There was her turn in 2016’s BBC biopic of the Brontë sisters To Walk Invisible as the complex and uncompromising writer Emily. Then she cropped up in the second season of The Crown as Eileen Parker, the woman who caused a scandal and made things awkward for the monarchy by daring to divorce her husband, the Duke of Edinburgh’s private secretary – and best mate – Michael Parker (who, in the show, was serially unfaithful). Now Chloe is set to appear in the upcoming BBC/Netflix eight-part drama Troy: Fall of a City as Andromache, the wife of the Trojan prince Hector, who is – shockingly – permitted to have opinions and is treated as his equal. Set against the mythological war waged on Troy by the Greeks, it is an epic tale of love, revenge and the collapse of a royal family. Given the intensity of her previous performances, it is safe to assume Chloe will portray Andromache as a force of nature.
‘If I had a penny for every time I have been told to soften my performance,’ she sighs. ‘I wonder if male actors get told that, too… Seeing Florence Pugh win the best actress award for Lady Macbeth at the British Independent Film Awards, I thought, “Well, she wasn’t told to soften her performance.”’
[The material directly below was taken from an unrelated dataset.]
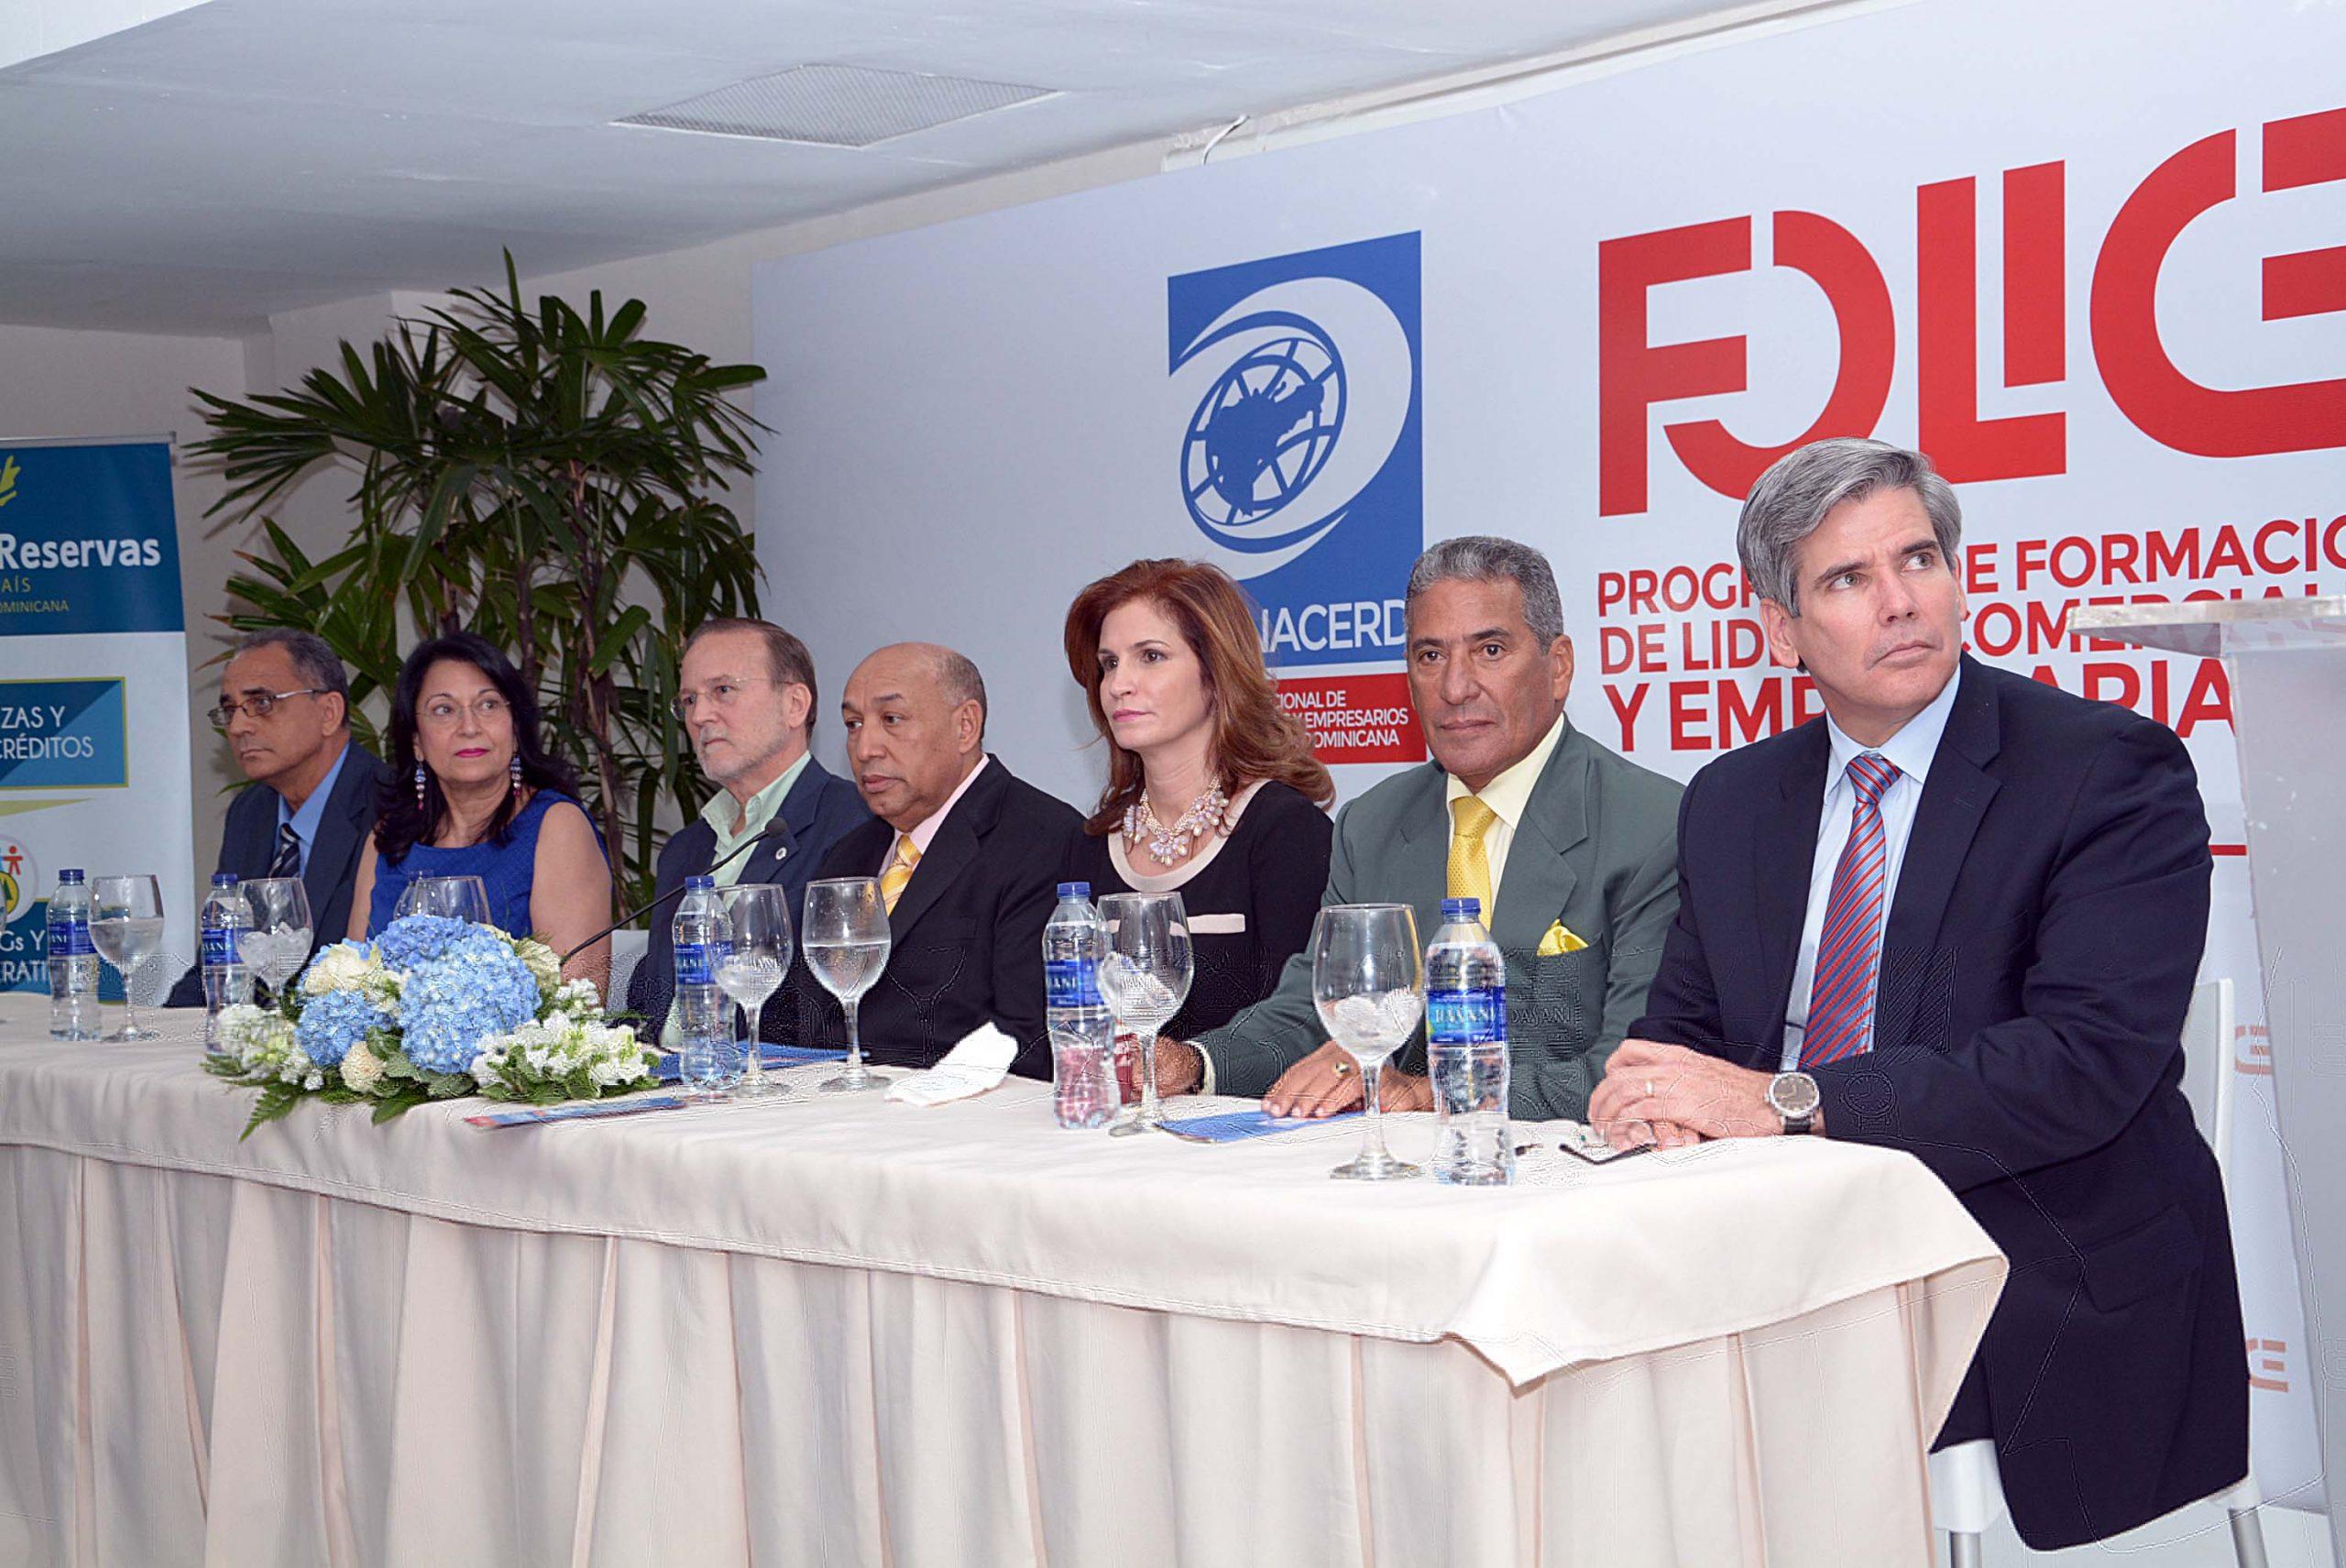 El acto de lanzamiento del programa contó la asistencia de funcionarios y líderes del sector comercio./elDinero

The characters the 30-year-old has played have impressed more for their grit than for their beauty, but in the flesh there is something luminous about Chloe. She doesn’t shy away from difficult topics, including the current sex scandals engulfing the entertainment industry. When I ask what her advice would be to girls aspiring to a career in acting, she answers: ‘That you don’t have to do anything you don’t want to do. You can allow people to direct you while also saying no if something doesn’t feel right. Even in a situation where the balance of power feels unequal, you don’t need to please people. I remember being in rooms [with male directors] where I felt uncomfortable. Fortunately, nothing bad happened, but when you’re 20, you don’t feel equipped to say no. That dynamic became so normalised in our industry. It’s great that there’s a discourse around it now, so young girls will feel more empowered than I ever did.’
Chloe settled on a career in acting after suffering from anxiety while studying for GCSEs and A-levels in Edinburgh and realising ‘that academic study wasn’t for me. I went from one extreme to the other, from being quite a carefree and naughty child to a massive perfectionist who was severely anxious around academic work. It got so bad that I thought, “I can’t do this for another three years. I don’t think I will survive university.” I knew what the exams would be like and understood myself well enough to realise I wouldn’t cope. It became a case of needing to find something vocational to do that didn’t involve written exams. Acting felt like a way I could make sense of the world.’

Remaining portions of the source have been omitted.